Out of 297 found STR signatures of length 2, only 188 were right, which gives success rate of 63.3% This are worst results of all STR signature lengths, I must do something to better filter them, to get more reliable predictions.
Please beware that sum of previous does not need to add to 1008, because for some haplotypes more than one STR signature has been found, and some signatures could not be checked because of missing deeper SNPs.
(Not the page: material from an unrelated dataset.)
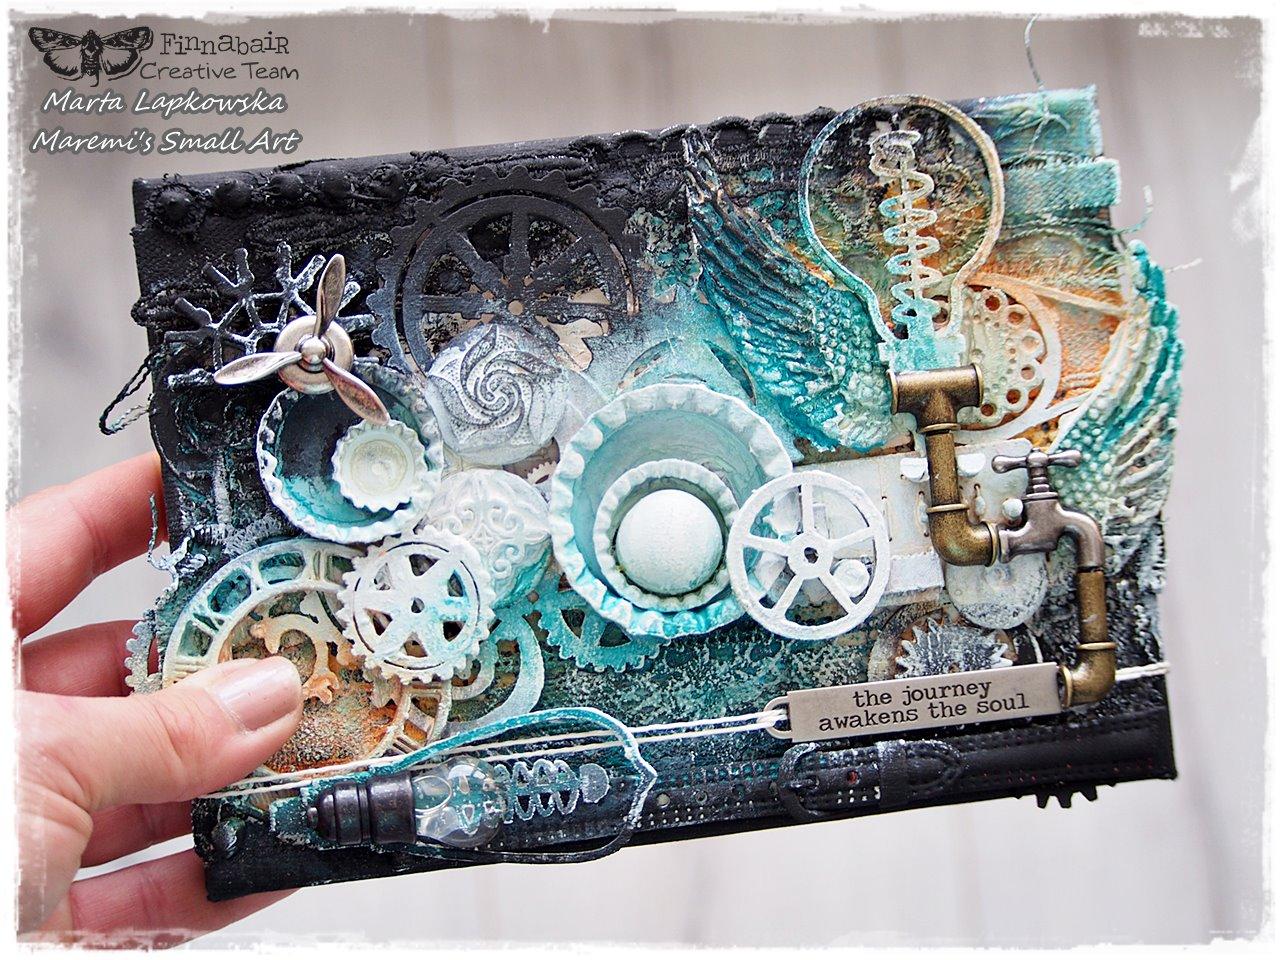 Finnabair: 'The journey...' Mini canvas by Marta Lapkowska

STR signatures are recognized in all haplogroups and can be found in most of clades, but more often in clades which are older, because their descendants have more diverse and structured haplotype STR values. Here is the list of number of found deeper STR signatures by main haplogroups:
- B: 4/9 = 44.44%
- L: 25/62 = 40.32%
- Q: 21/67 = 31.34%
- J2: 89/292 = 30.48%
- T: 23/76 = 30.26%
- E: 104/363 = 28.65% (V13: 10/90, M84: 20/72, M81: 6/26, V12: 18/34 = 52.94% !!!!, V22: 8/25)
- R2: 7/30 = 23.33%
- R1b: 358/1706 = 20.98% (U106: 81/376, L21: 136/589, M222: 15/148, U152: 28/146, Z2103: 18/62, DF27: 45/260)
- I1: 84/413 = 20.34%
- N: 40/199 = 20.1%
- I2: 59/296 = 19.93% (M223: 37/136, CTS10228 Slavic-Carpathian: just 2/87 = 2.3%!)
- J1: 84/431 = 19.49%
- R1a: 80/446 = 17.94%
- C: 3/17 = 17.65%
- G: 25/164 = 15.24% (L497: 9/47)
Hi you must get bothered with this all the time but I like many others tried the Ramses thing. I just read your explanation of it. What do you think of the Whit Athey predictor result? Is it equally invalid or did they have more than the published data perhaps?